As we walked from the playground to the little pond where the ducks were, we encountered young H., the older sister of one of the little angel's former daycare posse.  I have always dreamed that the little angel might aspire to H.'s bright, sunny personality and precociousness.  Every time she sees us, she scampers over, gives the little angel a hug and stops to talk.  She is polite and adorable.  I have always thought she might just be the perfect child. 

This time, we saw H. inadvertently as we inspected the "house" she and her little friend had made under some bushes by the rose garden.  The bushes were of the Japanese-looking type, with a lot of crawl space underneath.  H. asked if she could give the little angel a tour and led her deep into the thicket.  We heard her explaining the house.

H:  "This is the master bedroom, and here's the sink.  This towel is the couch.  See?  You can sit on it and lean back."

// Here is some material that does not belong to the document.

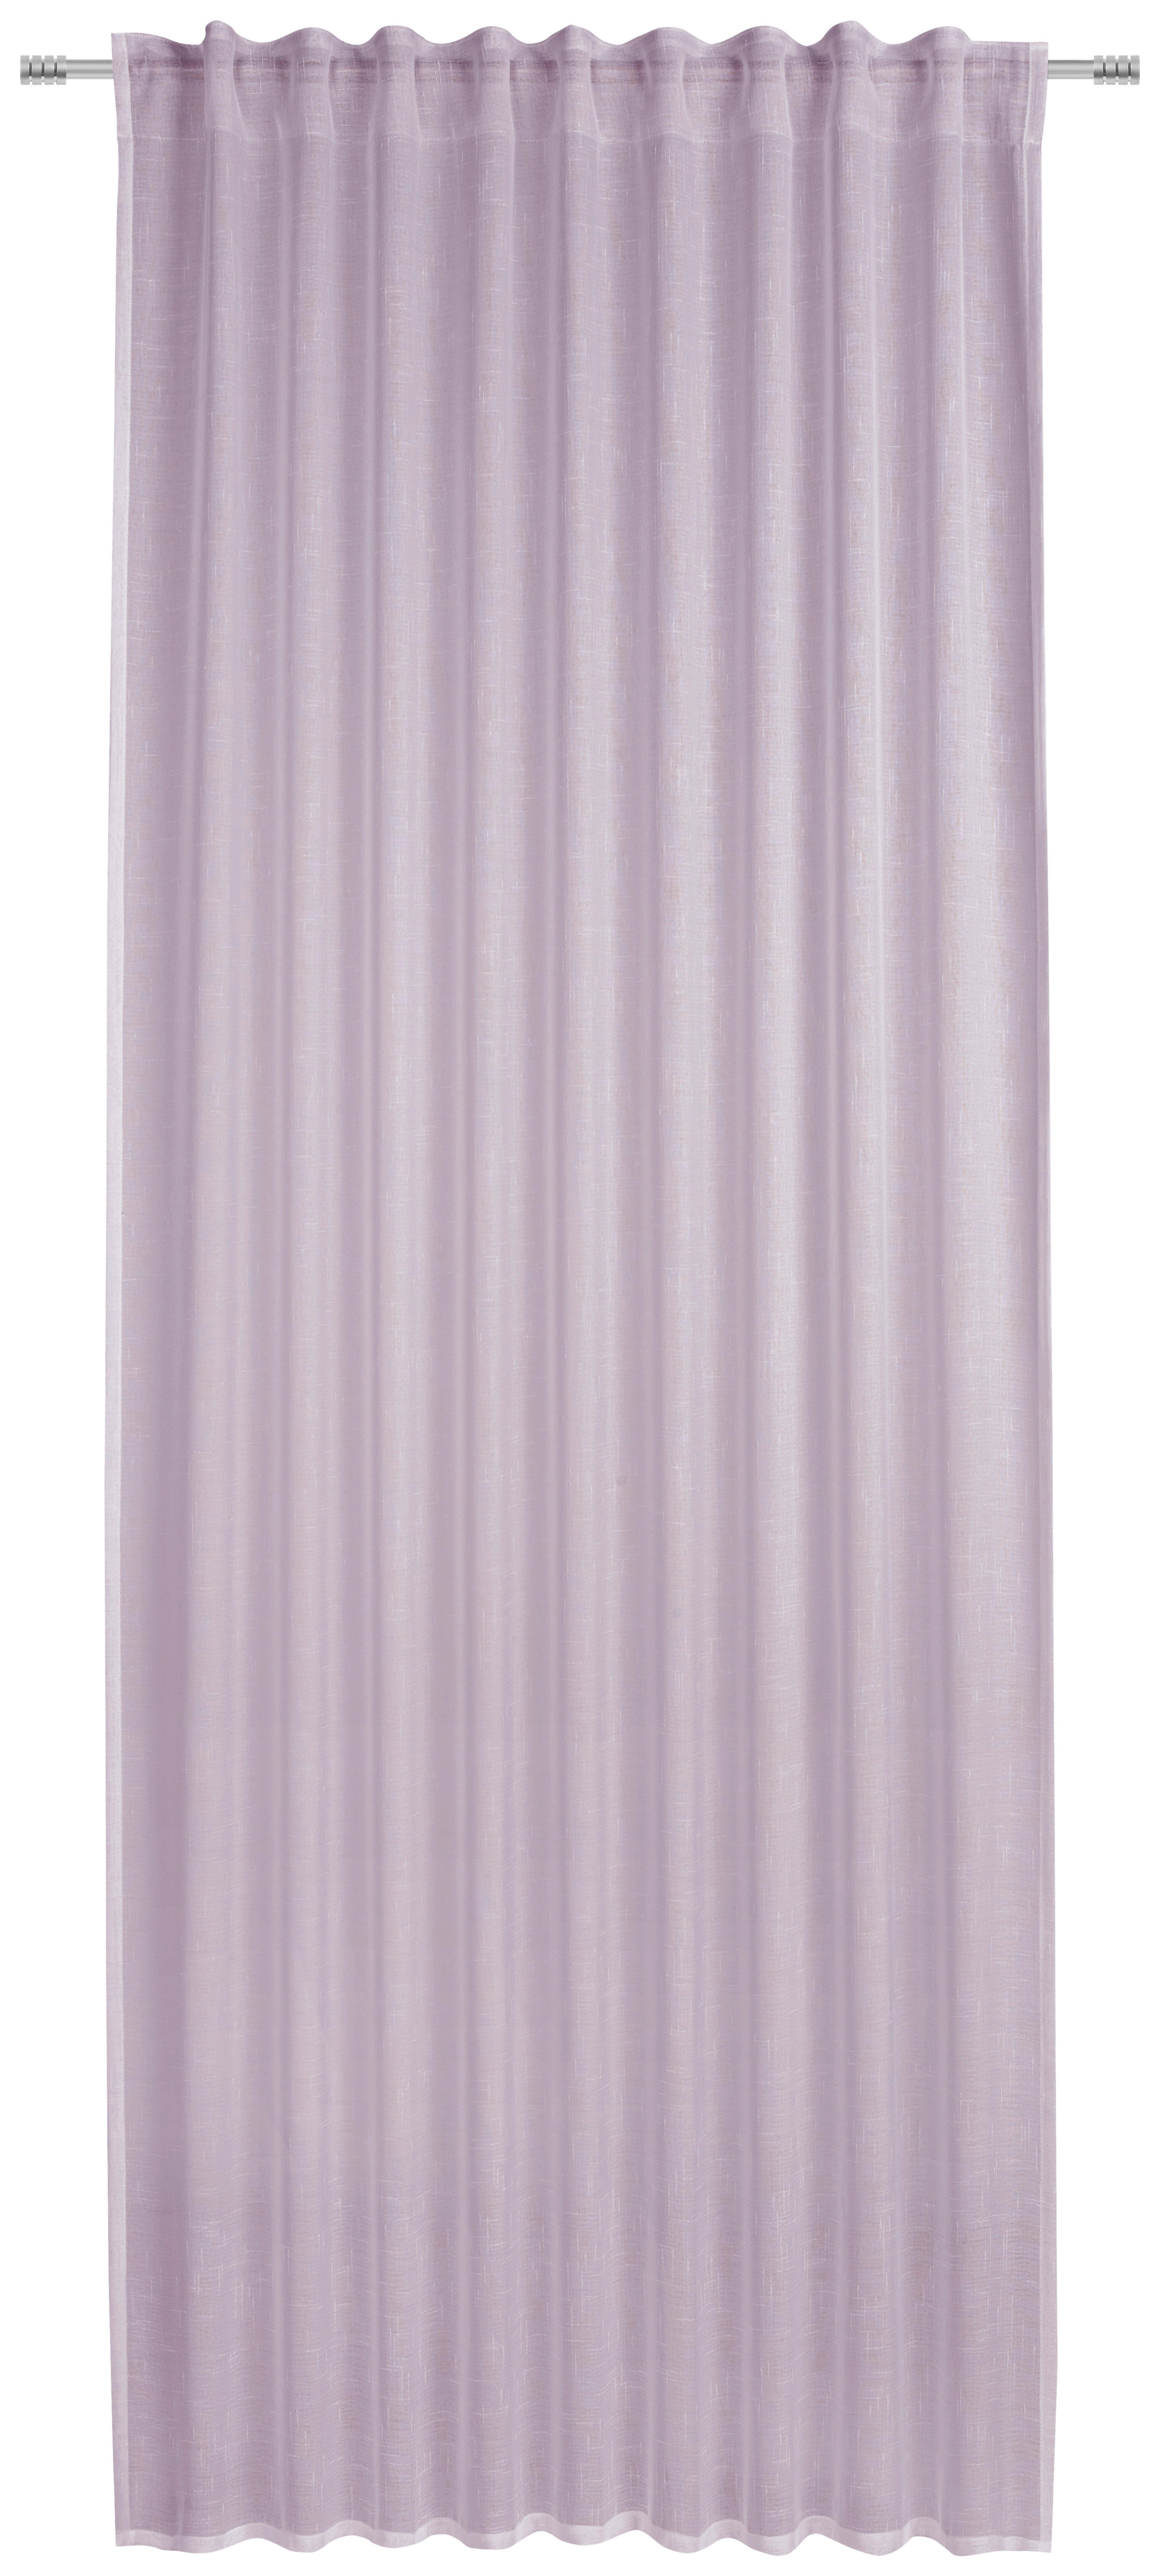 GARDINLÄNGD halvtransparent  - lila, Basics, textil (135/245cm) - Esposa

(The little angel looks on adoringly.)

My beloved and I exchanged smug glances.  What a little doll H. is!  How nice of her to give the little angel a tour!  Maybe the little angel will be JUST LIKE HER!

H:  "Here's the second bedroom, and there's the back door.  Here's the kitchen, and this is the stove." (Points to a pile of sticks.)

I prepare to walk away, leaving my beloved to collect the little angel. 

H:  "We looked all over the place for matches, but we couldn't find any.  We're still looking, so we can use the stove."

I glance back in horror.  H. catches my eye. 

Me:  (stammering) "I don't think that would be such a good idea."

H:  "Yeah, we don't even have insurance on the house."